20-letni stoper regularnie grający w Serie A? To nadal rzadkość, możni piłkarskiej Europy musieli to widzieć. I widzieli. W kontekście zainteresowania padały takie nazwy jak Liverpool, Borussia Dortmund czy Sevilla.
Sezon 2020/21 do pewnego momentu był pójściem za ciosem. W międzyczasie Walukiewicz zadebiutował w seniorskiej reprezentacji, grając towarzysko z Finlandią i Ukrainą oraz z Włochami w Lidze Narodów. Z nim na boisku biało-czerwoni nie stracili wtedy ani jednego gola.
Jaka jest sytuacja Sebastiana Walukiewicza w Empoli?
– To dla mnie chyba największa zagadka jeśli chodzi o Polaków we Włoszech. Jego losy są zaskakujące. Po krótkim okresie aklimatyzacji zaistniał w Cagliari i wyglądał naprawdę dobrze. Myślę, że nawet Jakub Kiwior nie miał takich notowań jak on. Wydawało się, że wielki klub jest przed nim, a później nastąpiło jakieś nieprawdopodobne załamanie: i indywidualne, związane w dużej mierze z kontuzją, i zespołowe – mówi nam ekspert od włoskiej piłki Tomasz Lipiński, którego możecie oglądać w Kanale Sportowym i C+ oraz czytać w tygodniku „Piłka Nożna”.
Nieszczęsne biodro
Walukiewicz w trakcie drugiego sezonu zaczął popełniać więcej błędów, ale w gruncie rzeczy wszystko co złe zaczęło się w lutym 2021, gdy stery w Cagliari przejął Leonardo Semplici. Trener ten postawił na doświadczonych zawodników, młodzież poszła w odstawkę. Semplici wykonał zadanie, wywalczył utrzymanie, a w jego miejsce przyszedł Walter Mazzari. On z miejsca zaufał Polakowi, tyle że ten dość szybko musiał się poddać i wreszcie położyć się na stole operacyjnym. Z bólem biodra nie mógł już wygrać.
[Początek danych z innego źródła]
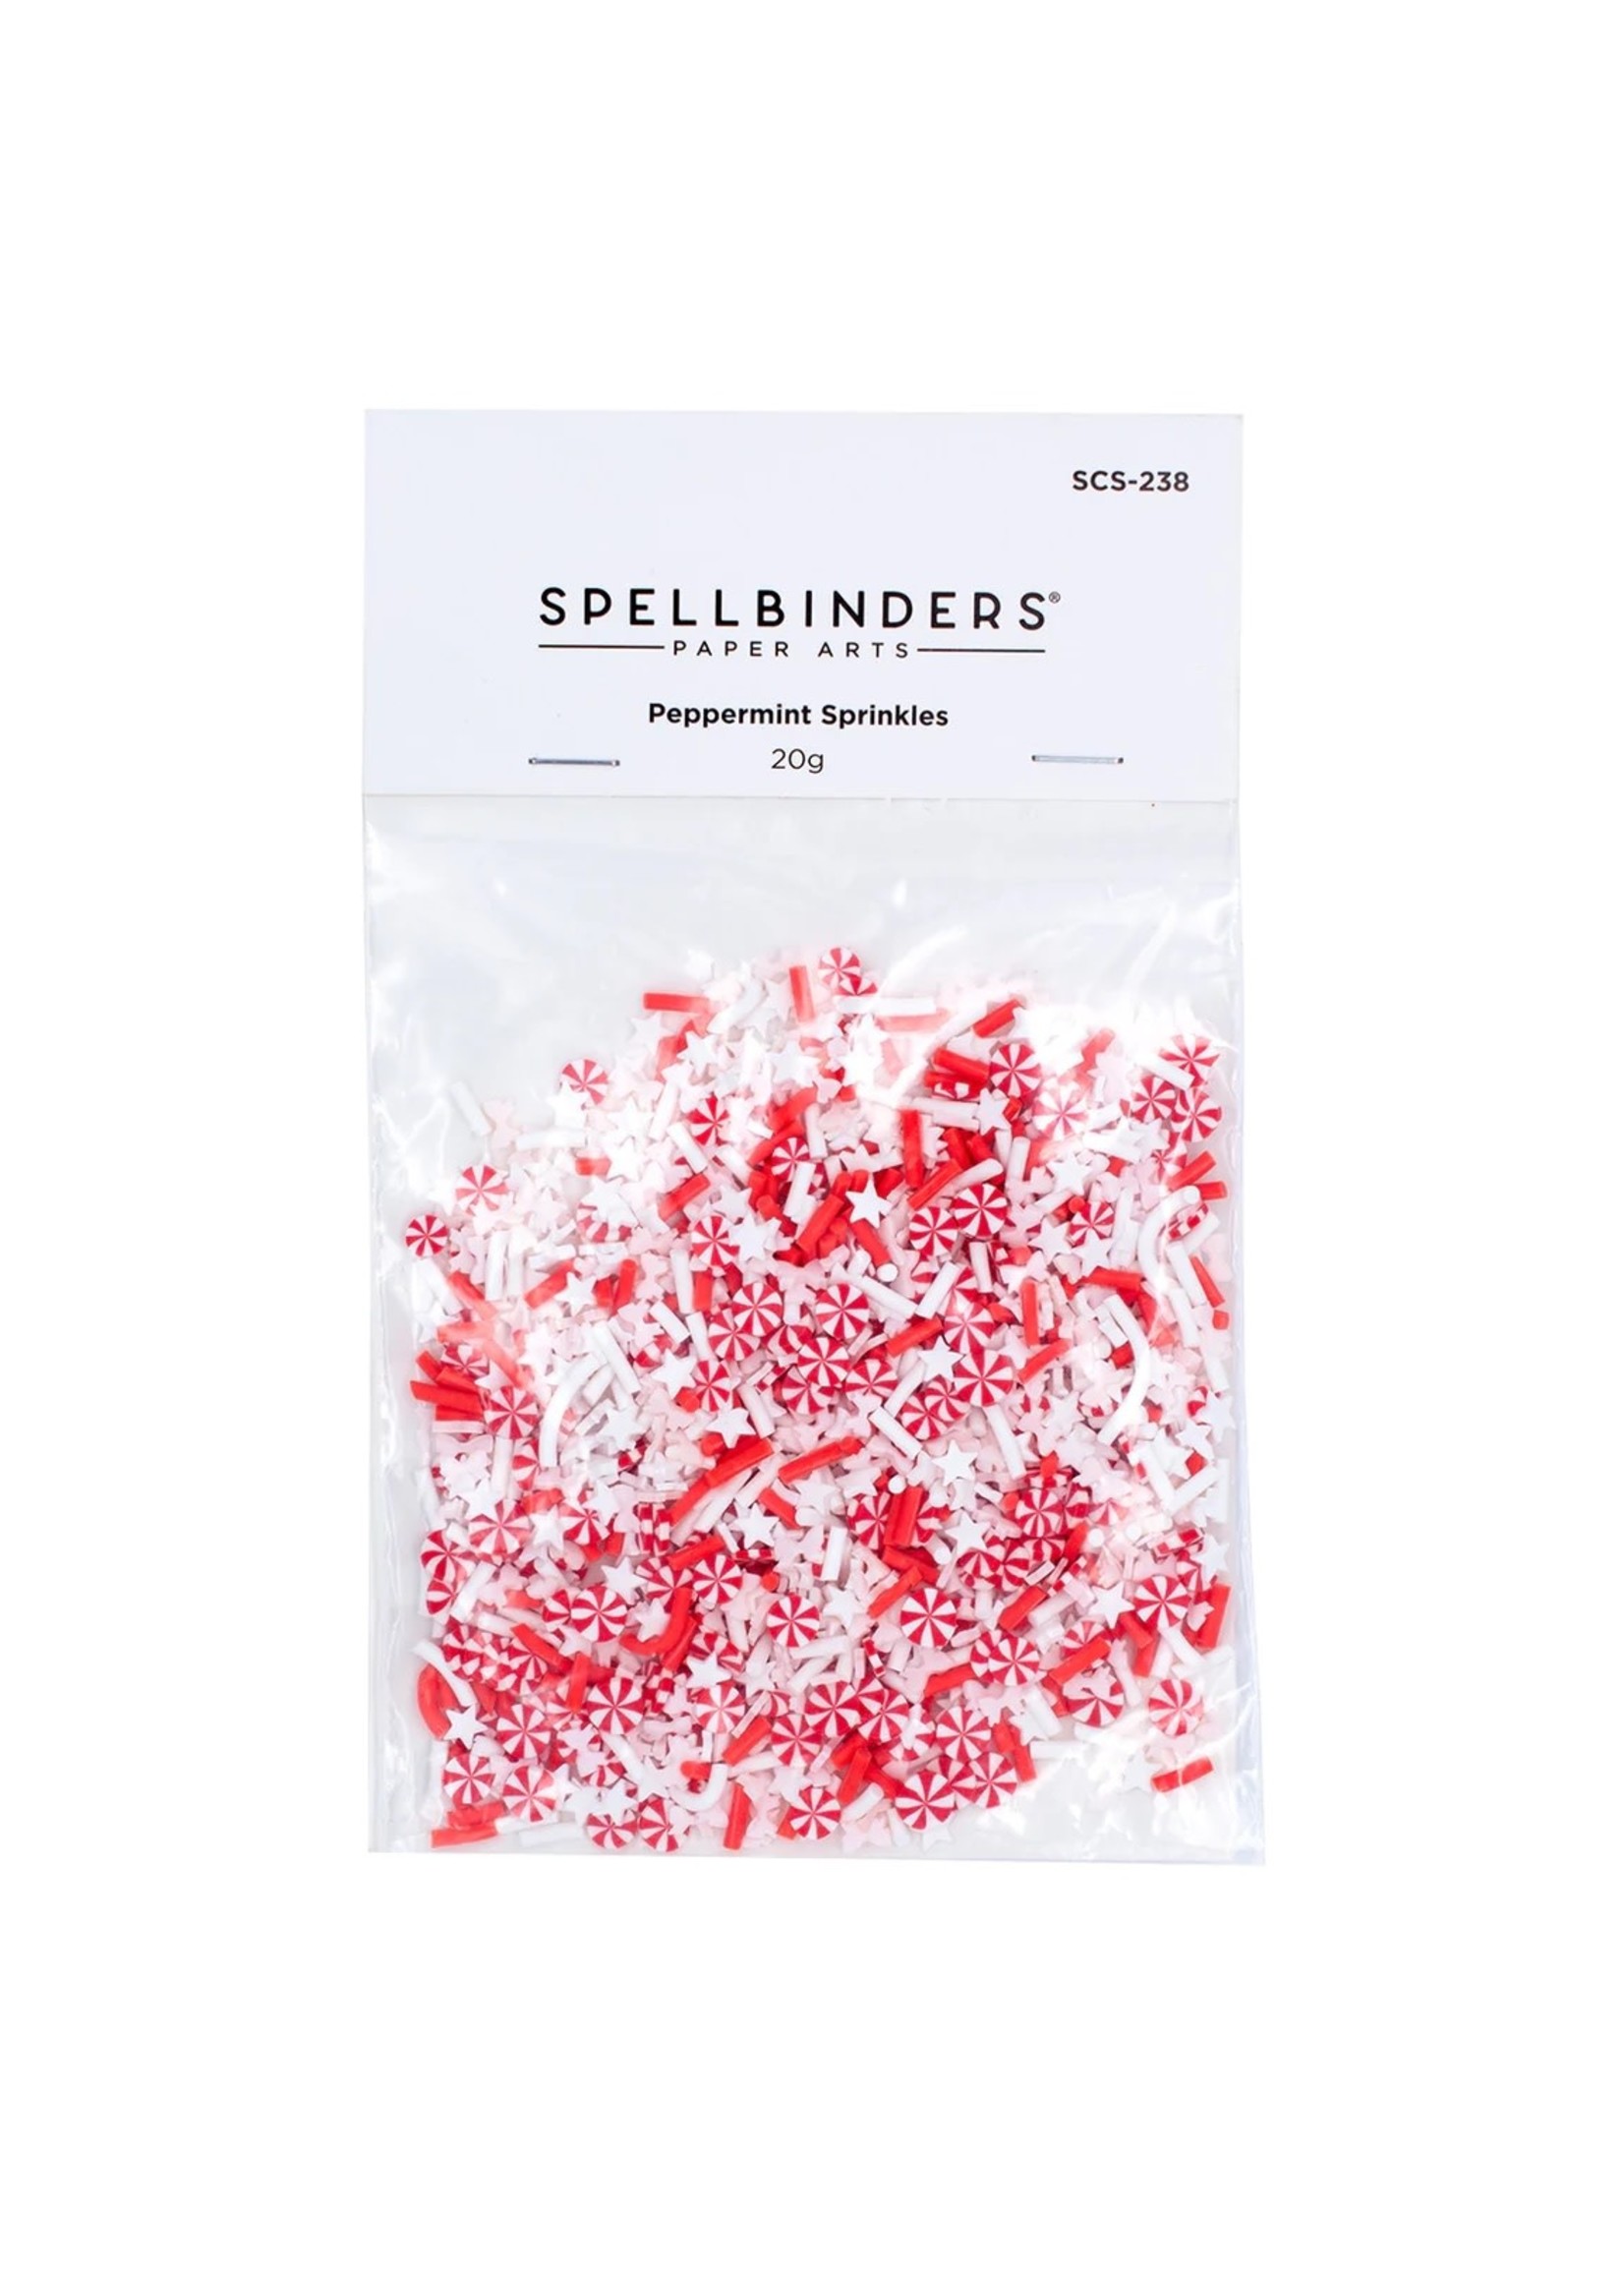 spellbinders Peppermint Sprinkles

– Od dziecka miał tę nieszczęsną narośl na biodrze. To było pewne, że kiedyś będzie musiał iść pod nóż. Zanim poddał się zabiegowi, przez pół roku grał z tą kontuzją i nie grał dobrze. Nie chciał się operować, bo wiedział, że jest to niebezpieczne, ale prawda jest taka, że się męczył. Gdy lekarze go „otworzyli”, okazało się, że ta narośl mu się w biodrze oderwała. Musiał grać z gigantycznym bólem. To z nim najpierw walczył na boisku, dopiero potem z rywalem – przyznaje agent zawodnika Tomasz Suwary.
I dodaje: – To, że wrócił do piłki po takiej kontuzji, to naprawdę duża rzecz. Bez charakteru i solidności Sebastiana nie byłoby to możliwe. Wielu na jego miejscu po operacji biodra już by nie grało.
Dużo ofert latem
Ligowa przerwa Walukiewicza trwała od 26 września 2021 do 3 kwietnia 2022. Ponad pół roku. Do końca poprzedniego sezonu dwa razy wszedł w Cagliari na parę minut, pozostałe sześć spotkań przesiedział na ławce.
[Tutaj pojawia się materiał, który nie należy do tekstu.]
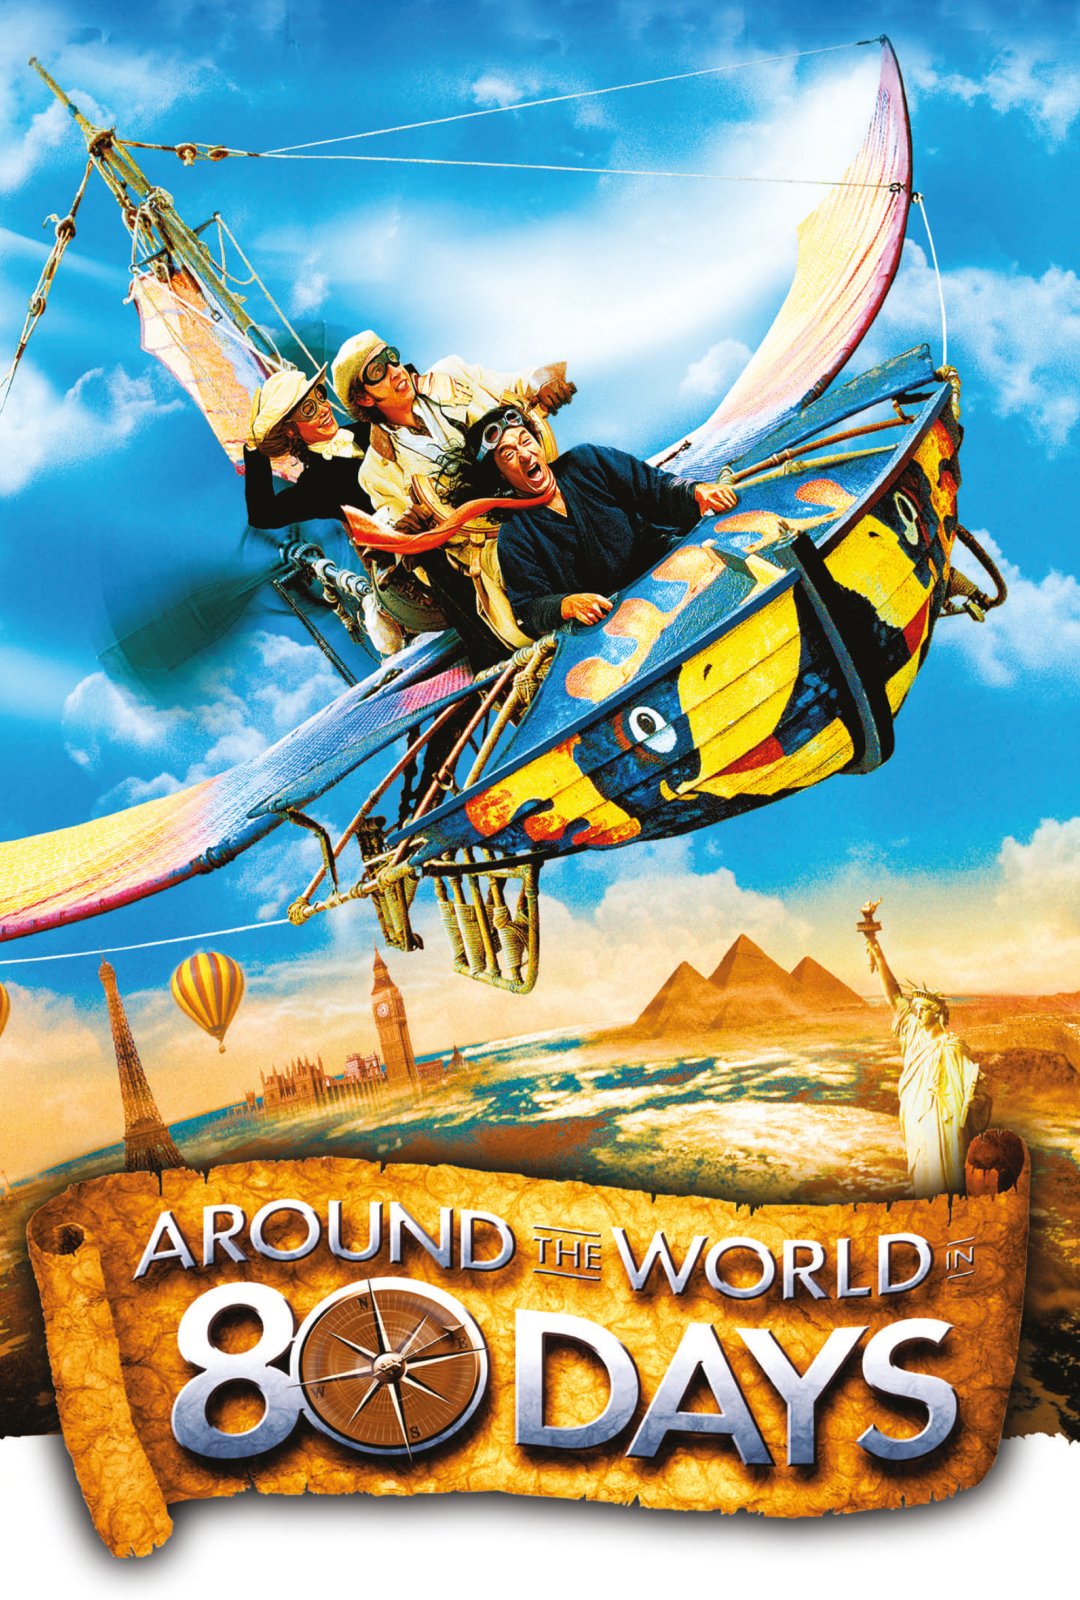 Around The World In 80 Days (2004)

Mogłoby się wydawać, że spadek drużyny z Sardynii to z perspektywy Polaka wcale nie była tragiczna wiadomość, bo mógłby się spokojnie odbudować na drugim szczeblu. Sam zainteresowany jednak był zdecydowany na odejście. Nie było „klimatu” do jego pozostania w Cagliari.
– Od początku stawiał sprawę jasno: chce odejść po spadku do Serie B. Trener Fabio Liverani nie był chętny do pozbywania się go, chciał na nim budować skład, ale w końcu musiał ustąpić. Sebastian chciał znów być w Serie A, żeby z czasem wrócić do reprezentacji – tłumaczy Tomasz Suwary.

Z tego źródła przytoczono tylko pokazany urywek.